Dr. Maxwell Maltz wrote Psychocybernetics in 1960. As a cosmetic surgeon he witnessed many people seeing themselves before and after surgery and liking their improved faces. However, there was a small percentage of patients who did not see the beauty when it was obvious to everyone else. Their subconscious mind did not allow them to see the transition.
Self image and self-esteem are difficult things to break through. It is not something that you typically conquer yourself. As I mentioned already, we all have strengths and weaknesses. Improvement in our strengths should cancel out a lot of negative self-thoughts.

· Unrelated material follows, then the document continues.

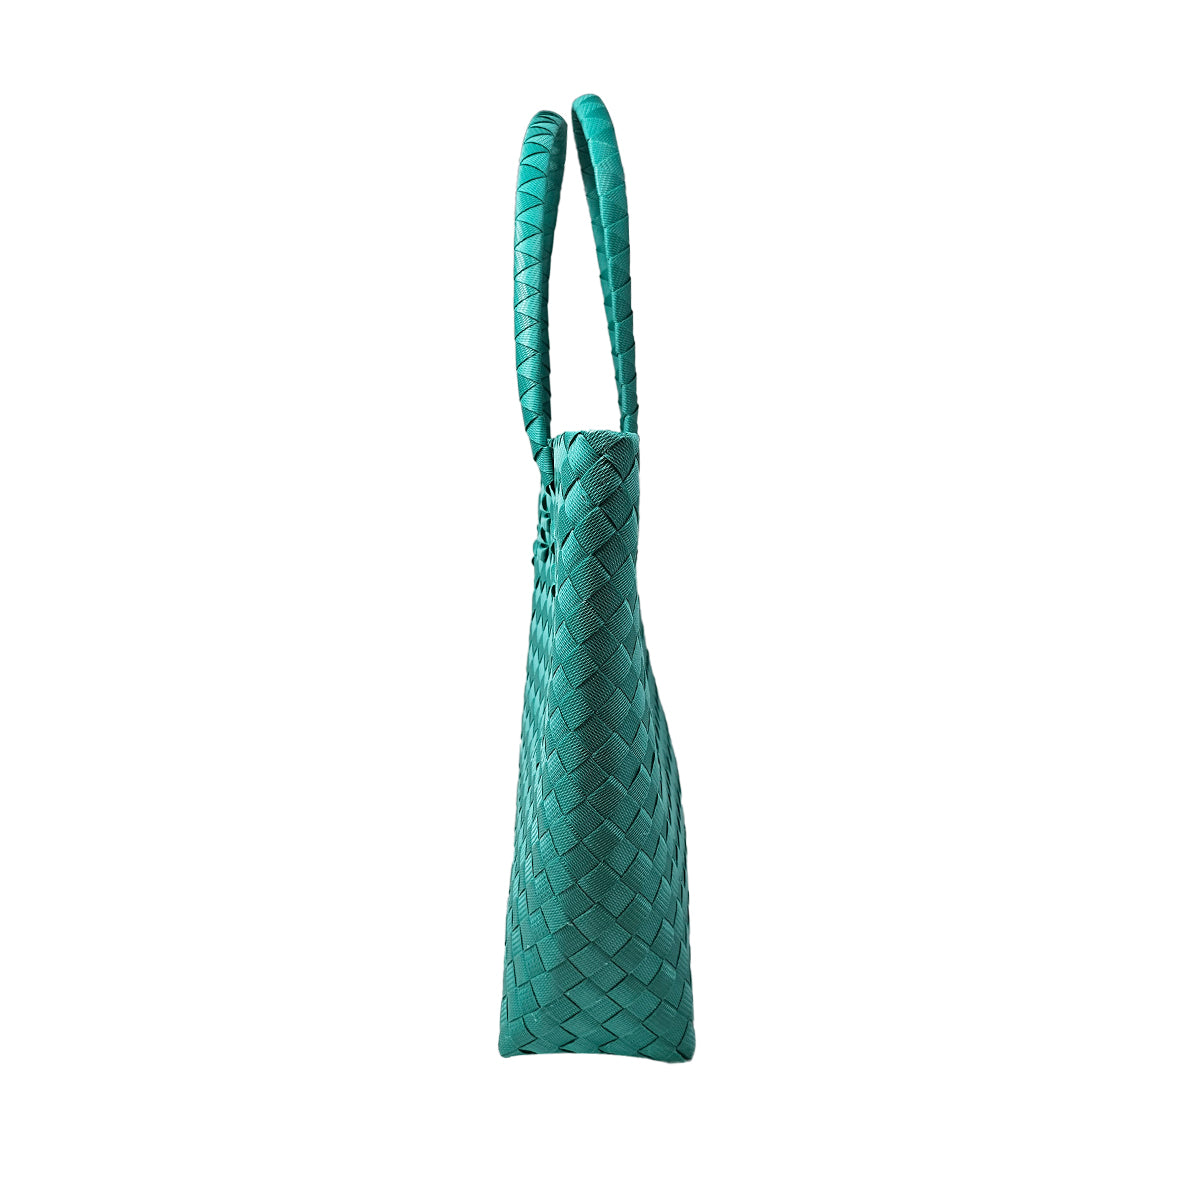 Misenka Handicrafts Philippine Bayong Mint Green Go with Zipper Bag - SALE 50% OFF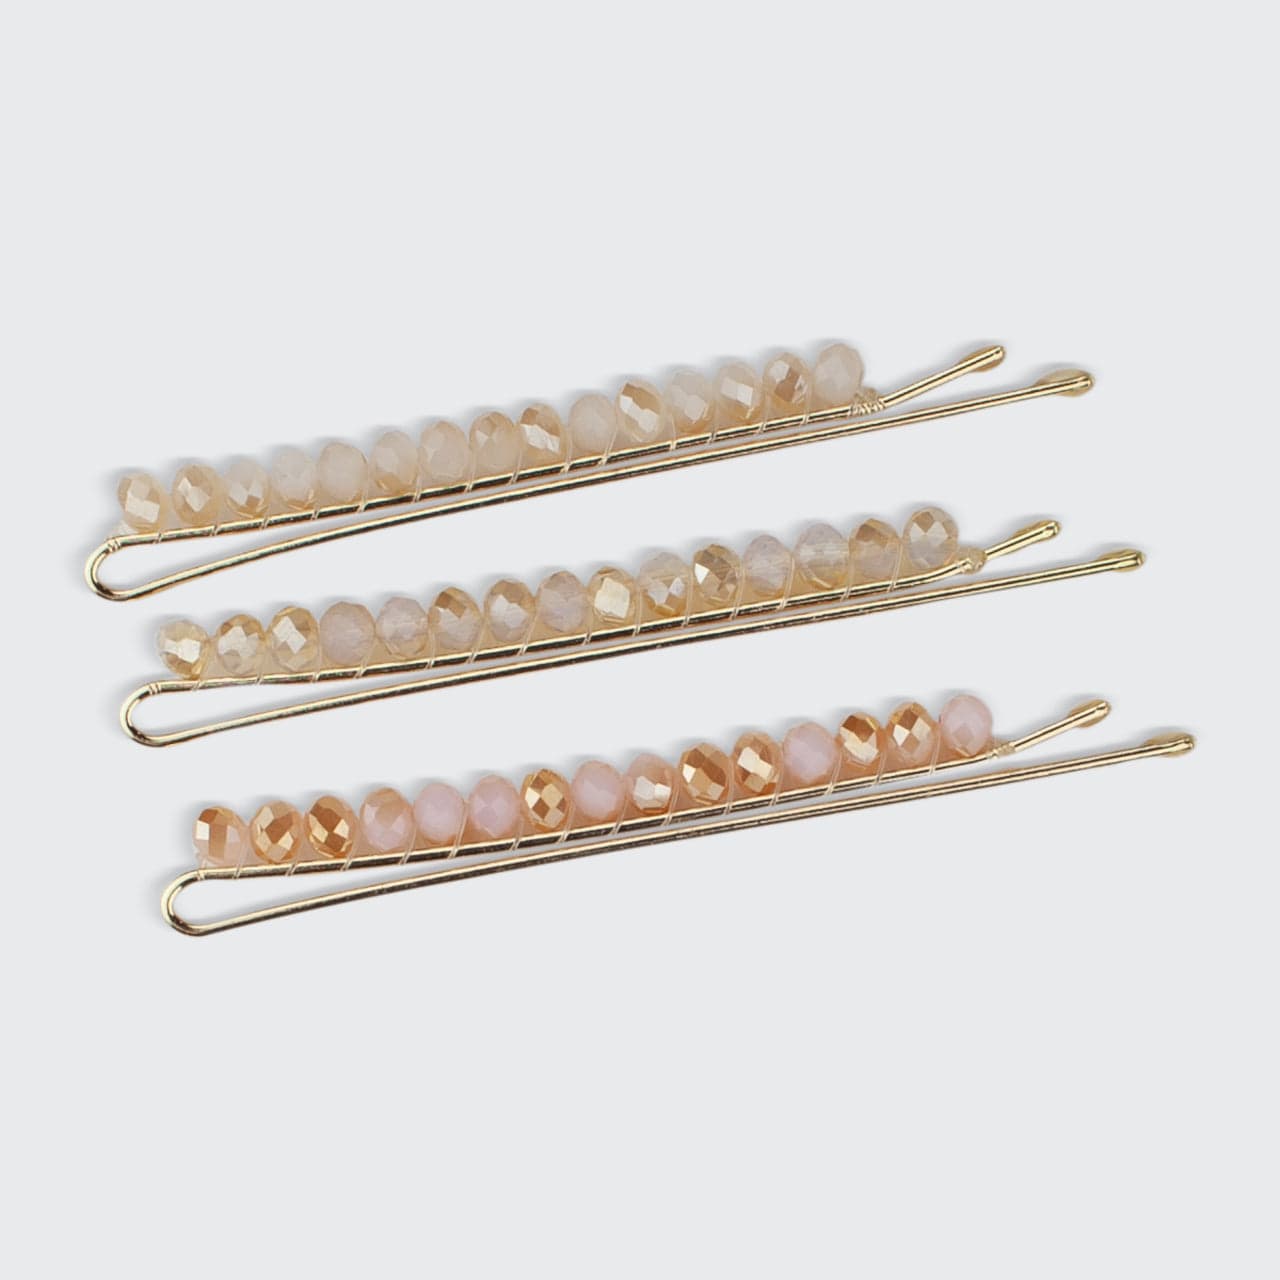 Perlenbesetzte Haarnadeln aus Metall – Blush/Mauve

Motivation is intrinsic. We motivate ourselves. Someone cannot pay you’re a thousand dollars and tell you to get motivated and stay that way. Each of us has our own value system. We need to figure out what is important and begin doing those things.

Find a motivational speaker or writer and study his or her recommendations. TEDx talks are a great way to see world-class speakers talking on this and related topics.

  • I am inspired by your writing! Your thoughts are amazing? Any advice on that?

You are very kind. Thank you. I’m not sure what advice I can offer on such a broad topic. Psycho Cybernetics was the first self-improvement book I read. The more you know about controlling your subconscious mind, the better person you will become.

Most of us don’t know what we want to do in our lives. We don’t have a purpose. I would recommend finding why you are here on this earth? What purpose are you serving? When you know your purpose, you can plan and align yourself towards the things in that direction.

The biggest hindrance in your life will be your subconscious mind. You control your subconscious mind and you control your life.

You can visit his website here to learn more about him:

What Red O’Lauglin says about Shan Ali Naqvi:

Highly intelligent (I see that in the questions you choose to ask). Patient (I see that in your dealings with me to complete the questionnaire). Intrepid (You are venturing out to people you don’t know other than what they have written and ask them to help you in your project). Helpful (I see that in what you are trying to accomplish – others will be better off for what you are doing).